Mercury is an unincorporated community in McCulloch County, Texas, United States. According to the Handbook of Texas, the community had an estimated population of 166 in 2000.

It is situated along FM 502 in northeastern McCulloch County, approximately 22 miles northeast of Brady.  It is the community closest to the geometric center of Texas.

The community was founded in 1904, shortly after the arrival of the Fort Worth and Rio Grande Railroad. Mercury became a livestock shipping point and by 1914, had an estimated population of 550. Two major fires in 1919 and 1929 severely impacted the community. In 1938, the struggling community was bypassed by the Brady-Brownwood highway. Mercury continued to decline and the population fell from 489 in 1933 to 360 in 1949. By 2000, the number of inhabitants stood at 166.
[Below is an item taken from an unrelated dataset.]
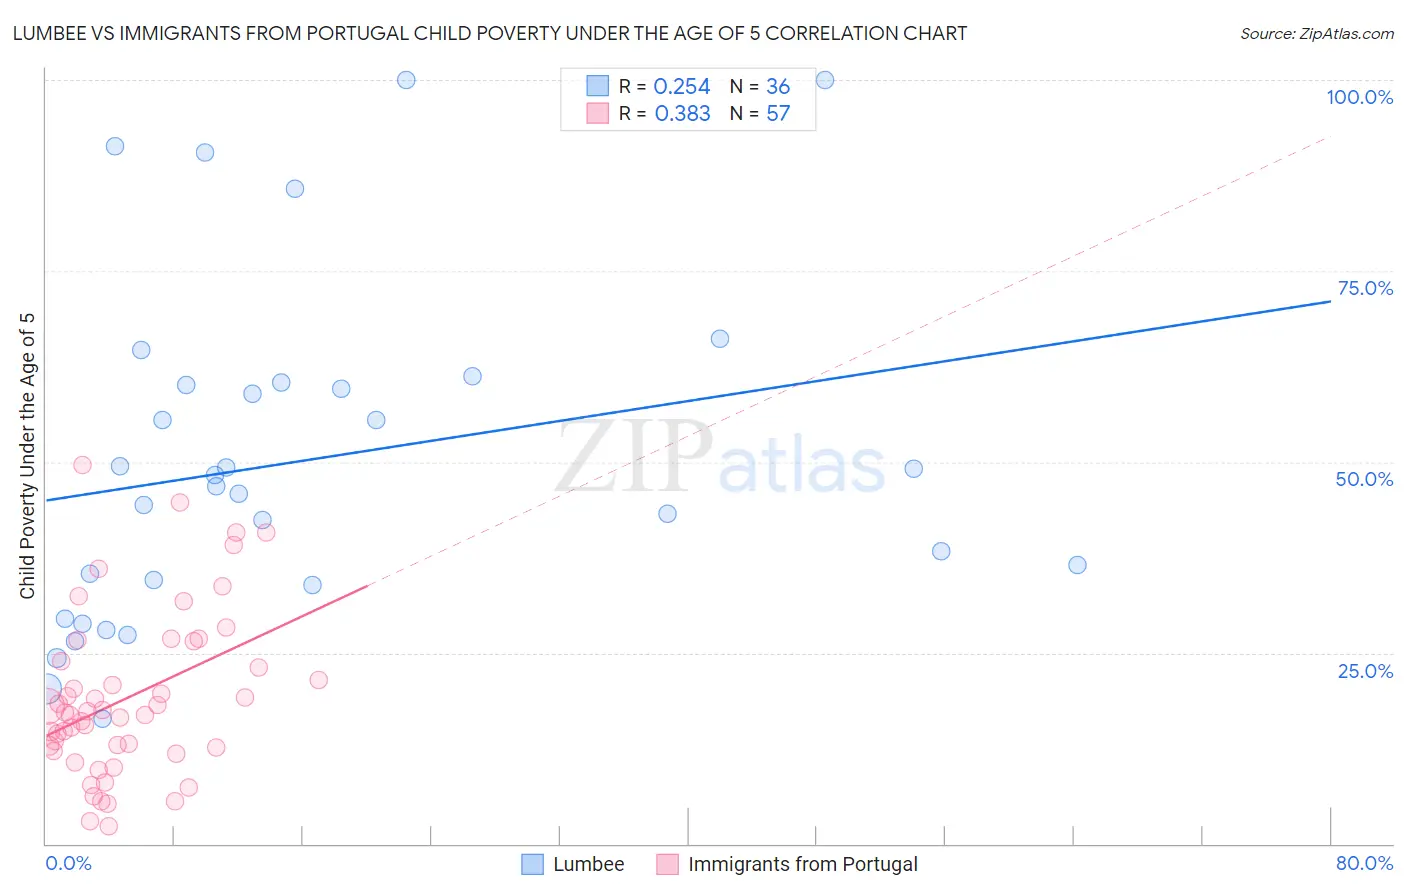 Lumbee vs Immigrants from Portugal Child Poverty Under the Age of 5

Currently there is only one original building standing in the Town of Mercury. It is the Bank Of Mercury building that was built by Thomas Jefferson Beasley in 1903 as a bank and mercantile store. Through the years the building has exchanged hands several times, however in 2012 the Grandson of the original owner, Thomas Lee Beasley purchased the building and is currently trying to preserve the remainder of the building. The only thing that remains of the building are the four outer walls and the vault that Thomas Jefferson Beasley built. It is rumored that the vault has a dome that is filled with sand. Thomas Jefferson's theory was that if someone were to blow the safe, the top would collapse and cover everything in sand. By the time the would-be thieves got to anything everyone in town would be there to see what was going on.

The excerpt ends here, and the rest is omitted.